Material provided ▸
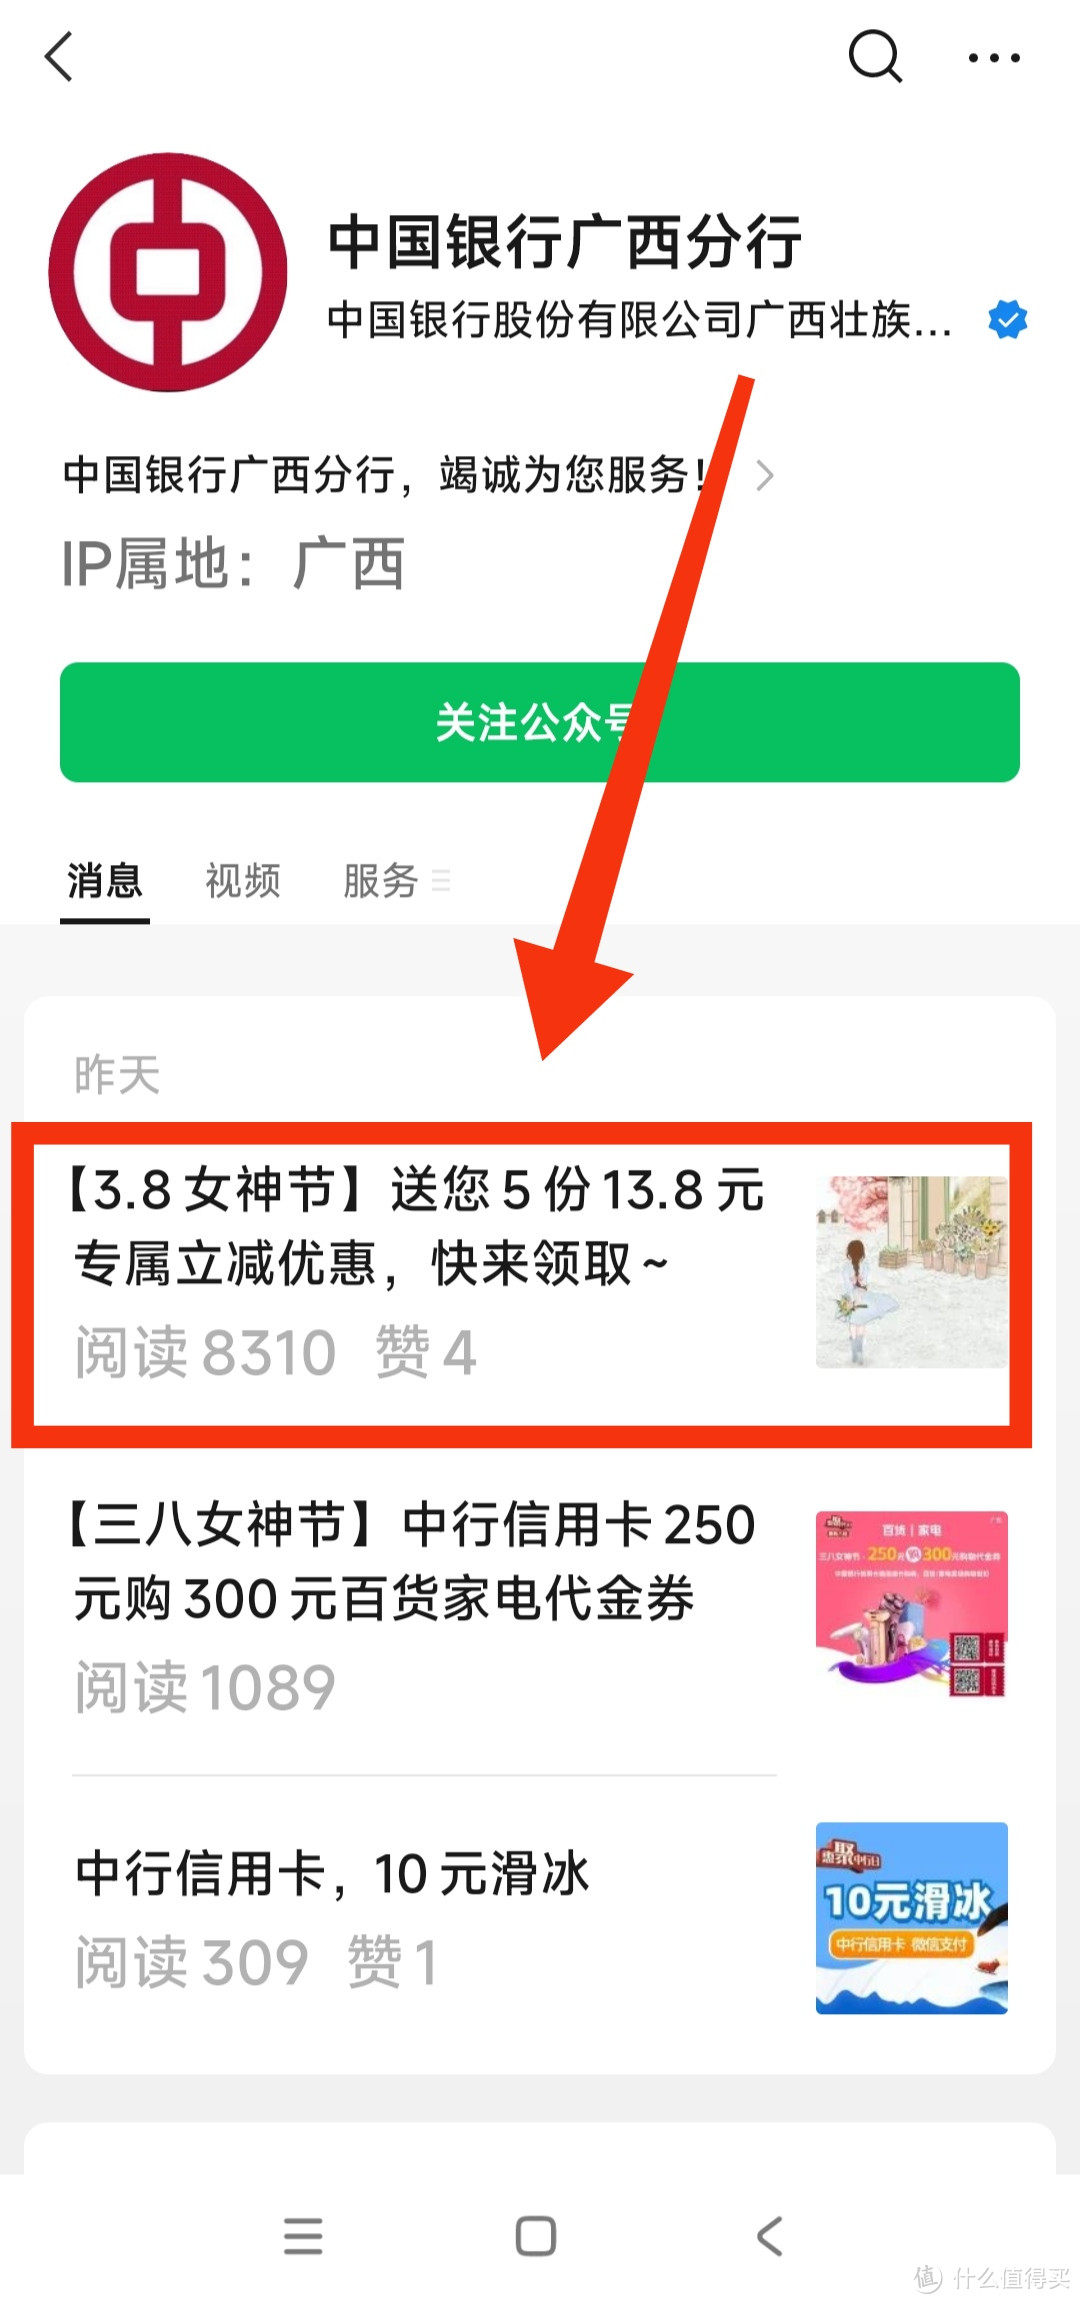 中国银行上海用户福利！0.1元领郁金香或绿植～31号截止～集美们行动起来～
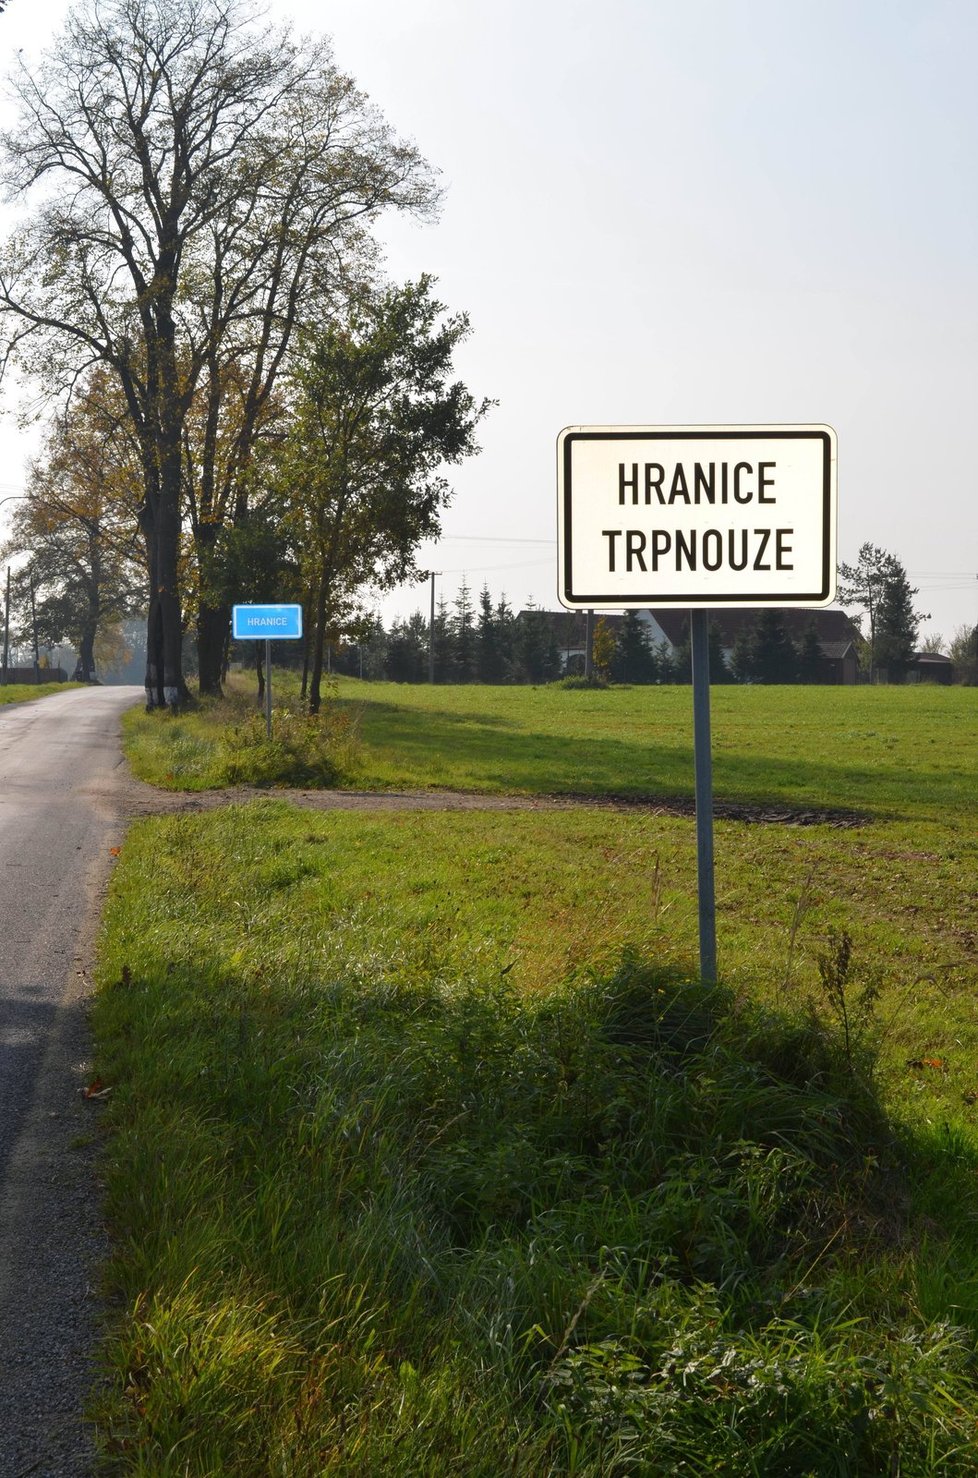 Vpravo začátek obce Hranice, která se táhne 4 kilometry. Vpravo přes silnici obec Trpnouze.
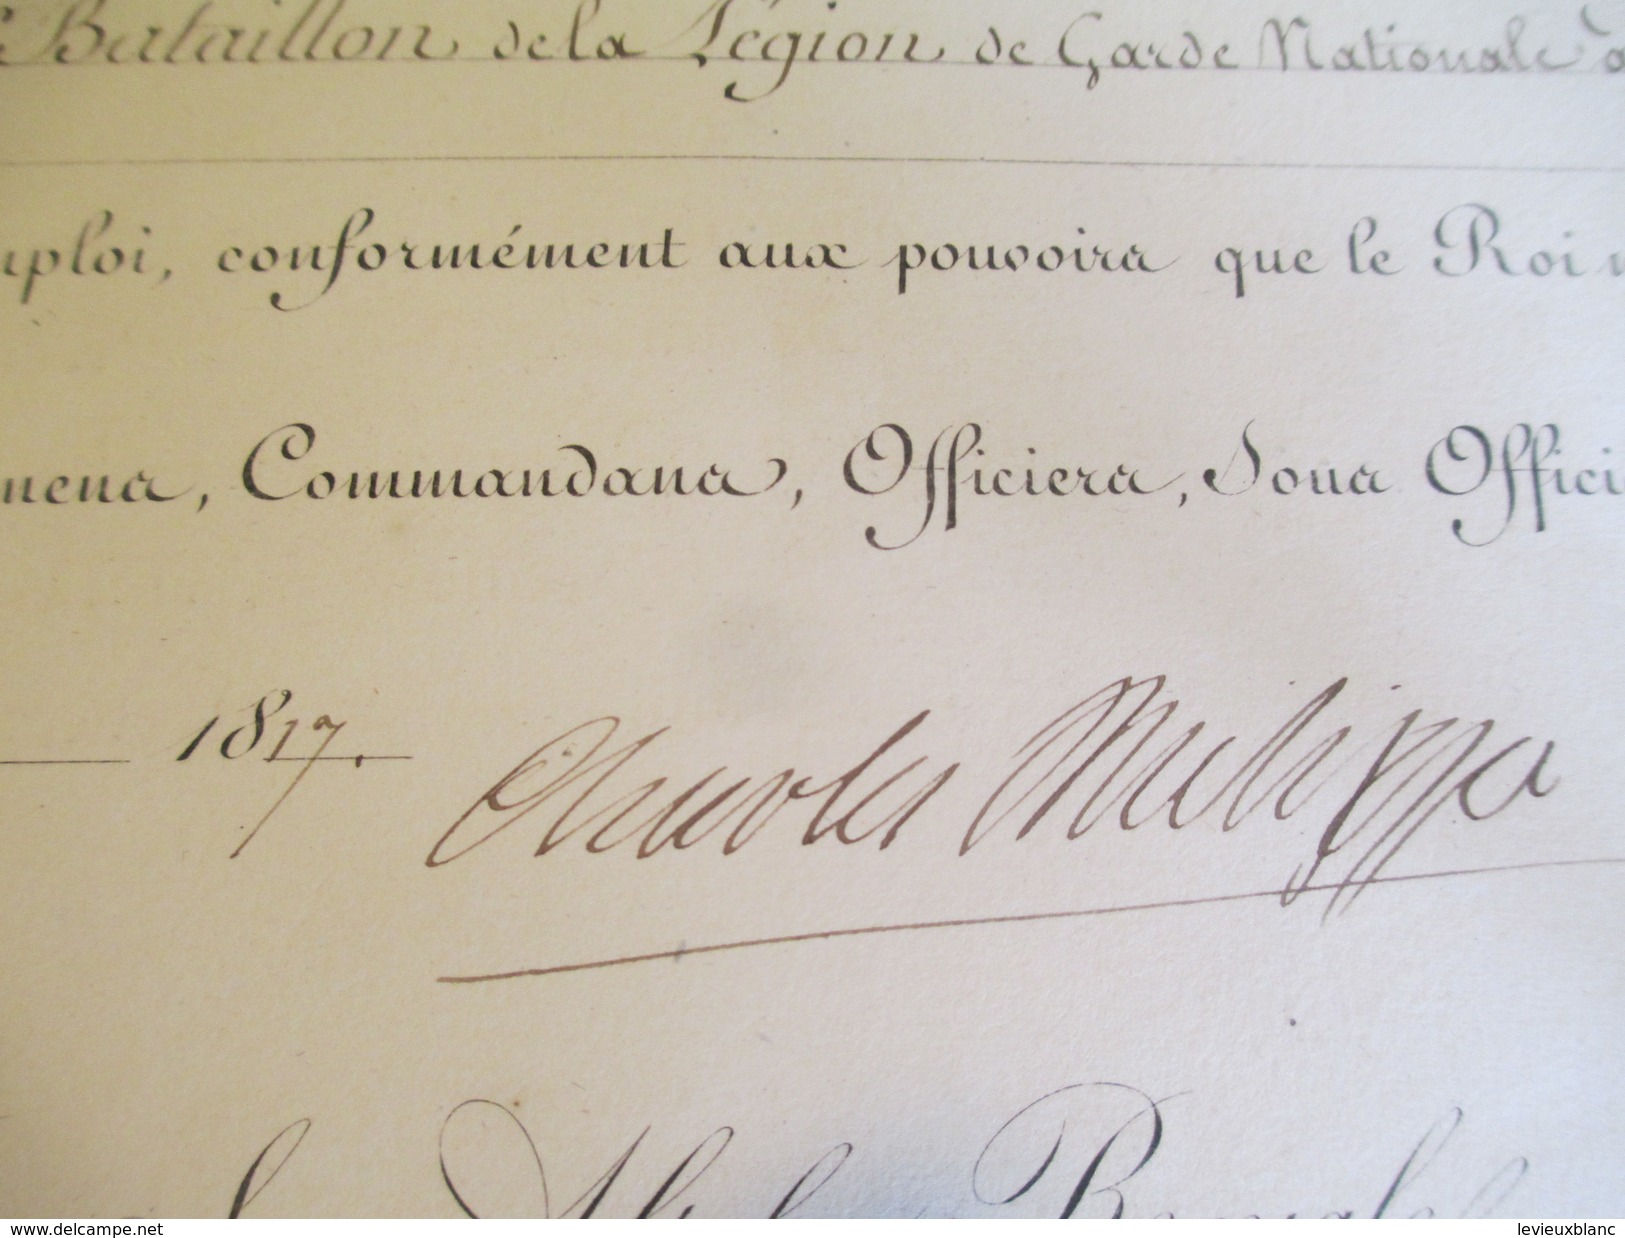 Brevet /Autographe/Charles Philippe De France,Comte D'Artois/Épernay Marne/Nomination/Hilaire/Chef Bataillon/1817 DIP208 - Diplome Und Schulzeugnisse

Your instructions ▸ Transcribe the data exactly, minus any images.

Exercise result ▸
 中国银行上海用户福利！0.1元领郁金香或绿植～31号截止～集美们行动起来～
 Vpravo začátek obce Hranice, která se táhne 4 kilometry. Vpravo přes silnici obec Trpnouze.
 Brevet /Autographe/Charles Philippe De France,Comte D'Artois/Épernay Marne/Nomination/Hilaire/Chef Bataillon/1817 DIP208 - Diplome Und Schulzeugnisse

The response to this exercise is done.